1. Field of the Invention
The present invention concerns a method for acquiring dynamic magnetic resonance signals in magnetic resonance tomography.
2. Description of the Prior Art
Adaptation of the temporal resolution of the measurement of speeds of signal variations is necessary in the acquisition of dynamically varying magnetic resonance signals that are used to generate a tomographic image. Faster signal variations thus must be acquired with higher temporal resolution than slower varying signals. A fast signal change occurs, in particular shortly after the injection of a contrast agent into the subject, while the signals vary substantially slower after what is known as the first-pass effect, i.e., as soon as the contrast agent has, for example, passed the liver of a patient. It is desirable to adapt the temporal resolution to the speed of the signal variation during the signal acquisition. Moreover, as is always the case, unwanted signal variations (as are created, for example, by a movement or respiration of the patient) generate measurement artifacts and therefore must be compensated or prevented.

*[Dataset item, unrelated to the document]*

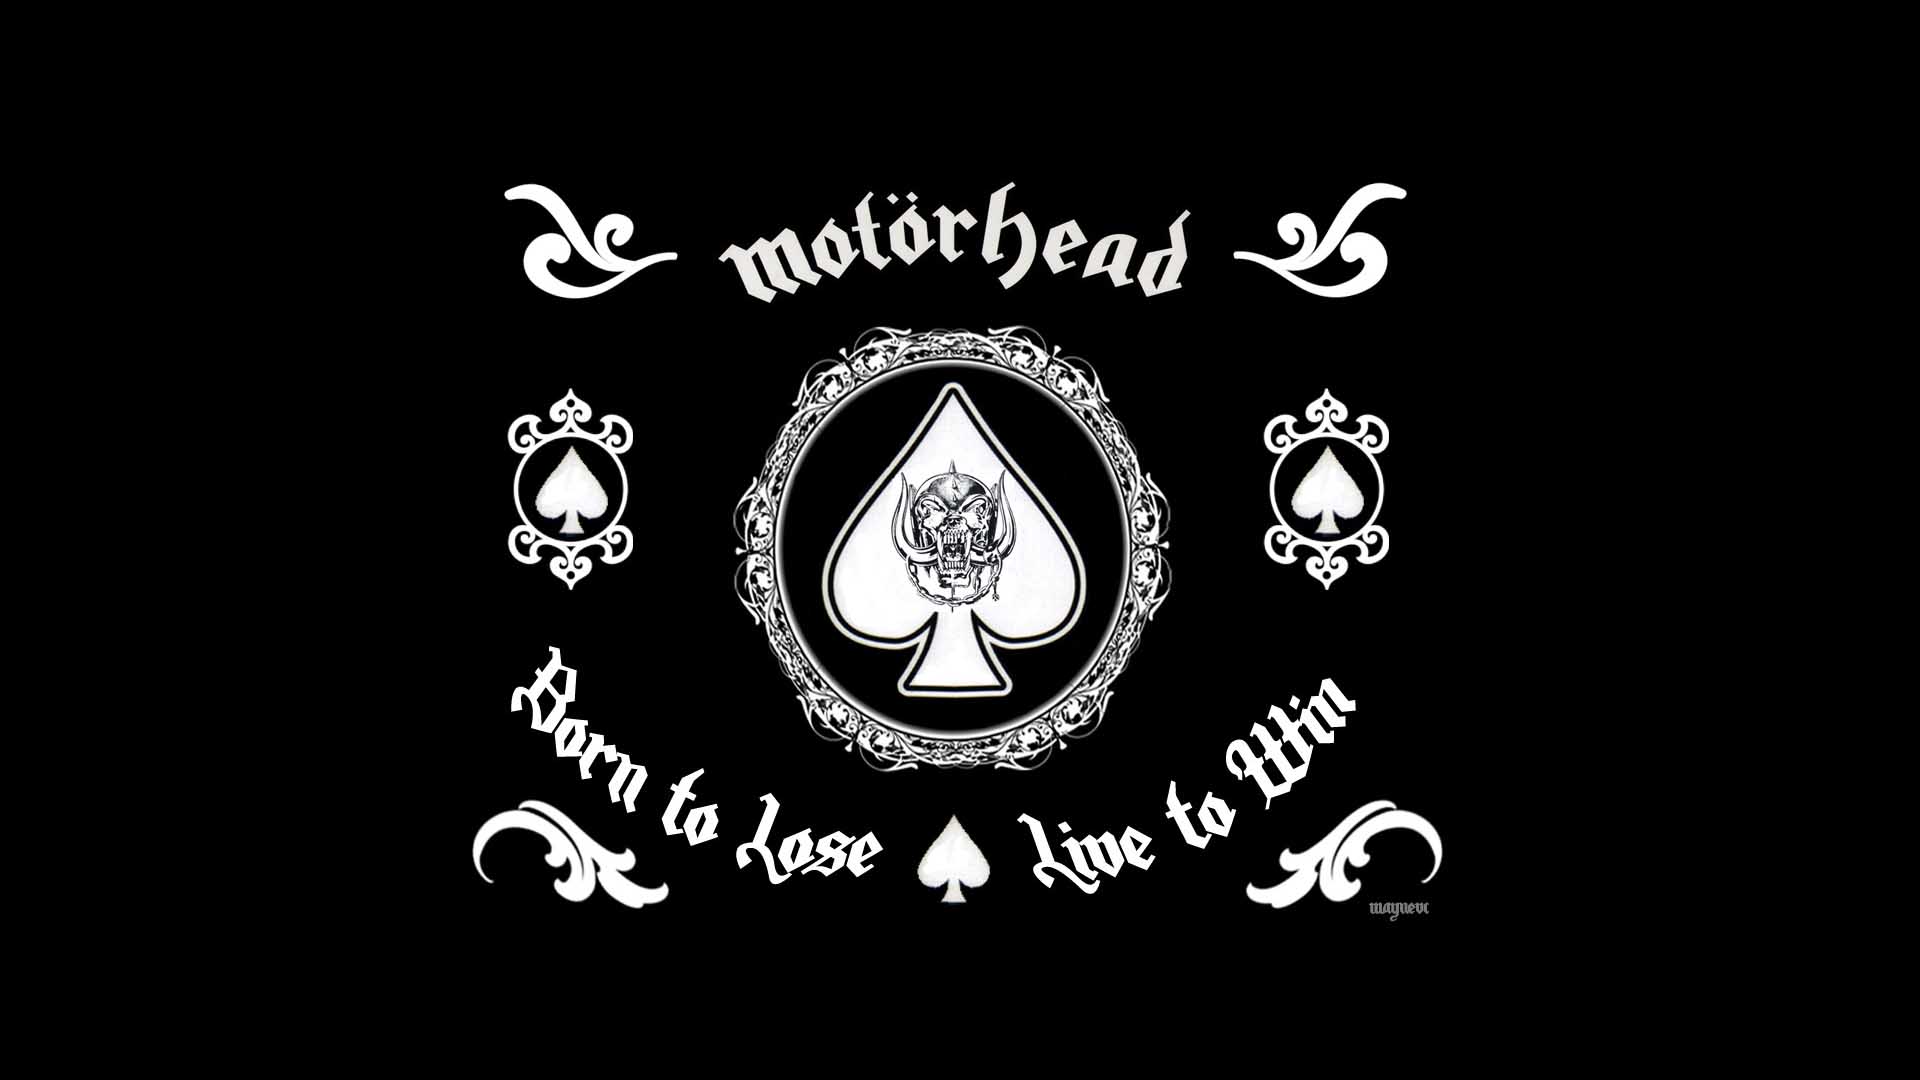 Motorhead Ace Of Spades Monochrome Quote Black Black Background 1920x1080

One possibility for reducing measurement artifacts due to movements or breathing by the patient is to implement the entire acquisition (scan) with the highest possible temporal resolution. Movements of an organ that are created due to breathing or movement of the patient then are not of importance during the acquisition of signals (data) for a single image since they ensue distinctly slower than the image acquisition. The influence of movement on a series of images is visible, however, such that in that case correction measures are necessary. In particular, in the case of movements perpendicular to the slice plane these correction measures are possible only with three-dimensional, with the temporal resolution being substantially clearly less for purely two-dimensional measurements. Additionally a large data quantity results due to the high temporal resolution, particularly for longer examinations.
Another possibility for preventing measurement artifacts due to breathing of the patient is to implement the measurement during a breath-hold by the patient. The signal is acquired with the highest possible temporal resolution during the breath-hold. However, after a relatively short scan duration a pause is necessary so that the patient can breath again. It is nearly impossible to repeat the scan with the patient in the identical respiratory position as before, during a subsequent breath-hold by the patient. Elaborate correction methods are in turn necessary for compensation of the different respiratory positions respectively in successive scans.
Furthermore, it is possible to acquire the breathing motion (for example using a navigator echo) in a discrete measurement and to use it for correction of the actual measurement data. This method requires a high time expenditure because the breathing motion must be acquired in a separate measurement. Moreover, it is difficult to correct the complex three-dimensional movement of the organs during a breathing cycle.
Furthermore, it is possible to combine various methods. Thus the quickly varying signals can be acquired first with the highest possible temporal resolution during a breath-hold by the patient, and after this the slowly varying signals are acquired during free respiration of the patient. In principle the same difficulties explained above still occur particularly during the signal acquisition during free respiration.